Imports from Mexico, which saw a precipitous drop in overall apparel shipments in the month, rose 5.56 percent in the first nine months of the year to $625.84 million worth of goods. For the year, Mexico held a 21.98 percent market share, up 6.73 percent from the same period in 2018, a sign that while some companies might be seeking lower-cost Western Hemisphere production for more basic apparel, their longstanding relationships with Mexican factories remain critical.
This is likely particularly true in a somewhat soft cycle for jeans. Imports from the world were up just 0.43 percent to $2.83 billion for the first nine months of the year. For the 12 months through September, denim apparel imports grew 2.81 percent to $3.87 billion in value.
It was a mixed picture among the major Asian suppliers. Imports from Vietnam spiked 28.52 percent in the year to date to $263.05 million, Pakistan’s shipments increased 8.97 percent to $194.95 million and Bangladesh imports ticked up 0.46 percent to $420.36 million. But Cambodia’s shipments declined 3.49 percent to $85.17 million and imports from Indonesia fell 9.51 percent to $56.04 million.

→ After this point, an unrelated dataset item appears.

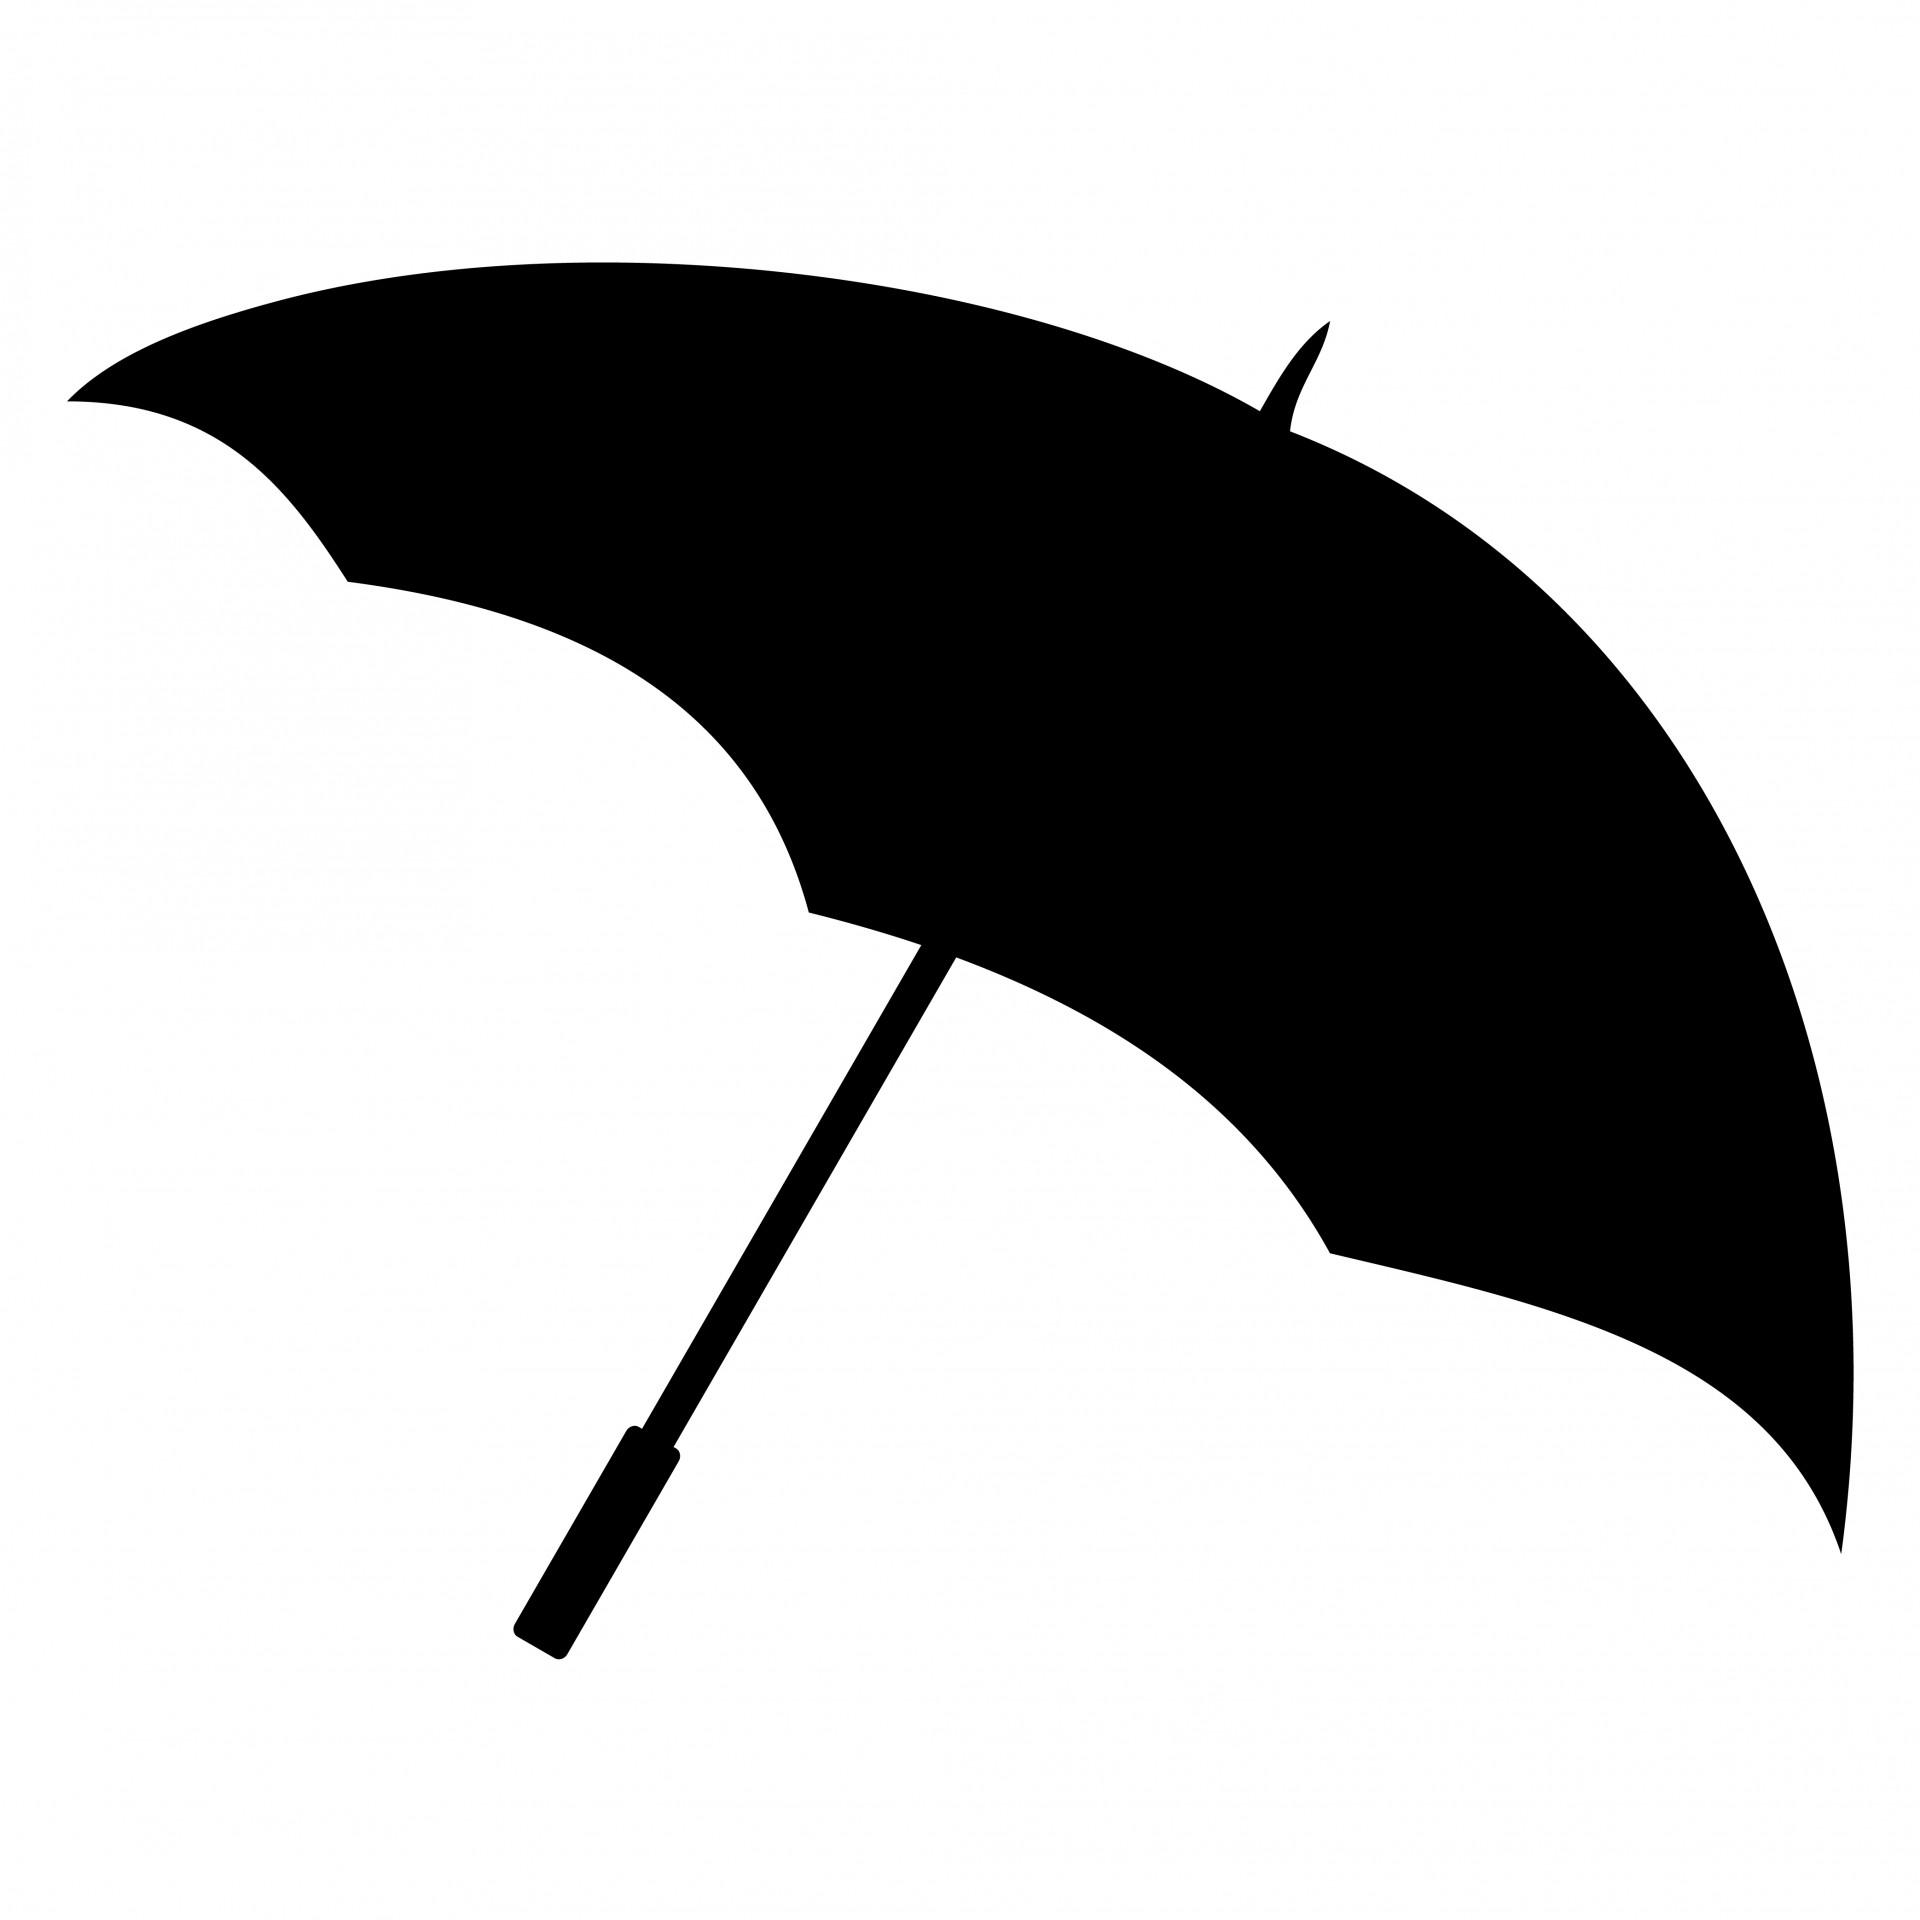 1920x1920 Umbrella Clipart Free Stock Photo

Nicaragua was a winner in the period with a gain of 25.83 percent to $94.19 million, as were Egypt, up 13.29 percent to $130.63 million, and Jordan, increasing 11.12 percent to $47.18 million.
The desire for closer-to-market production and generally tariff-free trade helped boost the Western Hemisphere to a 5.36 percent increase in the nine months to $790.84 million, including a 21.38 percent gain from Central American Free Trade Agreement countries for a value of $122.71 million.
Sub-Saharan African countries continue to present duty-free alternative sourcing opportunities, with a 4.16 percent increase in the period to $117.1 million. The region was led by gains by Madagascar, Kenya, Ethiopia, Mauritius and Tanzania.